Abbott foe tied to Left in her early legal days
Zali Steggall was linked with Labor lawyers as a young barrister despite saying she has no ALP affiliations.
Zali Steggall, the independent candidate campaigning to oust Tony Abbott from his seat on Sydney’s northern beaches, was linked with Labor lawyers as a young barrister despite saying she has no ALP affiliations and has never voted Labor.
Ms Steggall studied law after a career as a champion skier and was recruited on to the sixth floor of Sydney’s Wentworth Selborne chambers, which is widely known as the chamber’s floor of Labor and left-leaning barristers, with former notables such as Jim Spigelman.
In her early days as a barrister, Ms Steggall was taken under the wing of Tim Hale SC, a prominent barrister with known Labor connections who represented former NSW minister Ian Macdonald at recent Independent Commission Against Corruption hearings.
Ms Steggall was not offered a room at the chambers during her term with Wentworth Selborne and eventually left, switching from commercial to family law.
While campaigning against Mr Abbott in Warringah, Ms Steggall has fended off repeated questions about whether she is a true independent, or aligned with Labor or the Greens.

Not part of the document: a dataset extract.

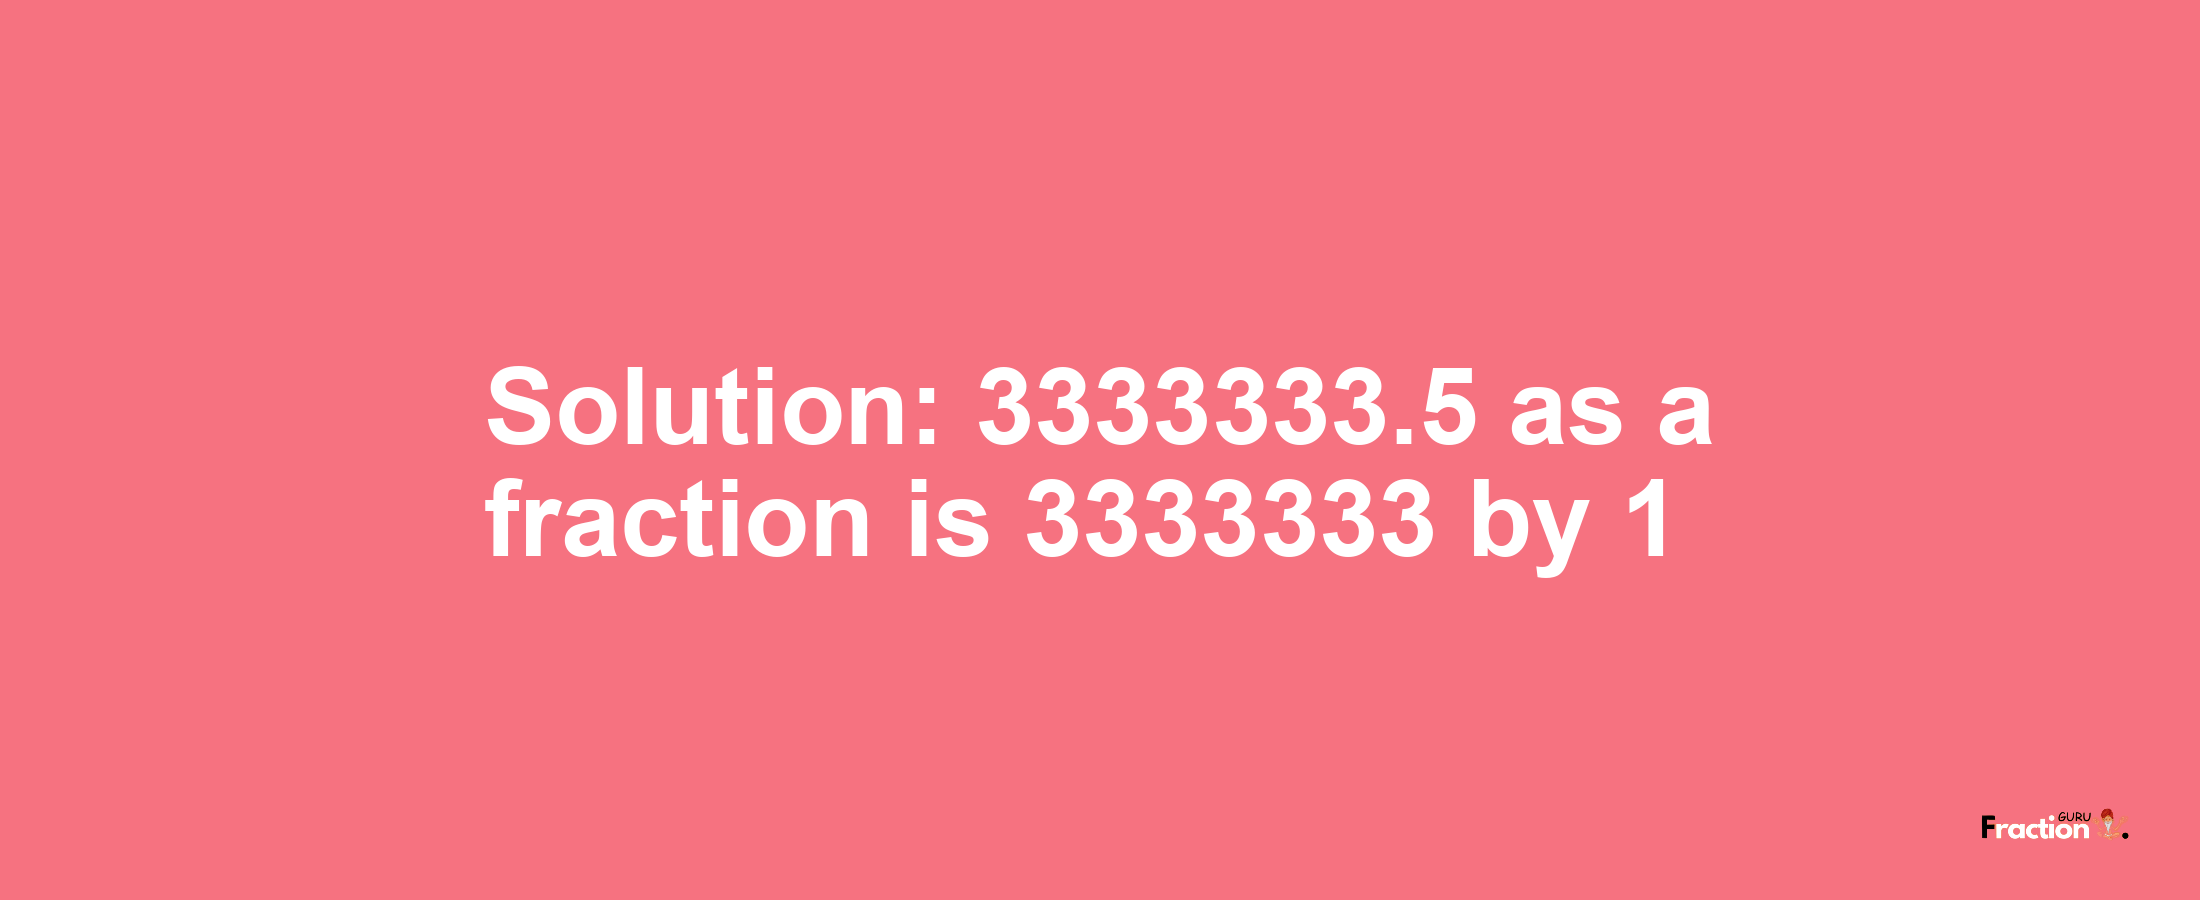 Solution:3333333.5 as a fraction is 3333333/1

She told The Australian yesterday she had no affiliation to any party. She had “never voted Labor” and only voted Liberal at “state or local government elections”.
Ms Steggall’s campaign manager, Anthony Reed, is a long-time Labor operative and former staffer, as first reported by The Australian. Although claiming to receive no financial help from activist groups such as GetUp, Ms Steggall’s campaign team includes supporters of GetUp.
She also has direct Warringah campaign endorsement and support from GetUp, which claims to be independent but has repeatedly battled claims it is aligned with Labor or the Greens, and does not endorse Coalition candidates.
Some opinion polls show Mr Abbott, who has held his seat since 1994, could struggle to win this time.
Ms Steggall said she would “caution” about “making allegations in respect to one of the NSW bar’s leading commercial floors, from which the last two chief justices of the NSW Supreme Court were appointed”.
She said she was privileged to start her practice at the bar on the sixth floor, and “be led and mentored by numerous leading commercial senior counsels”.
“I am unaware of any of their political inclinations,” she said.
During her time at Wentworth Selborne, Ms Steggall was voted on to the NSW Bar Council as one of the council’s representatives with less than five years’ experience at the bar.
As for other council members, she was required to chair a committee and was put in charge of the health, sport and recreation committee.
When her committee was abolished during an overhaul, Ms Steggall protested. The committee was reinstated but chaired by another barrister, then council vice-president Arthur Moses SC.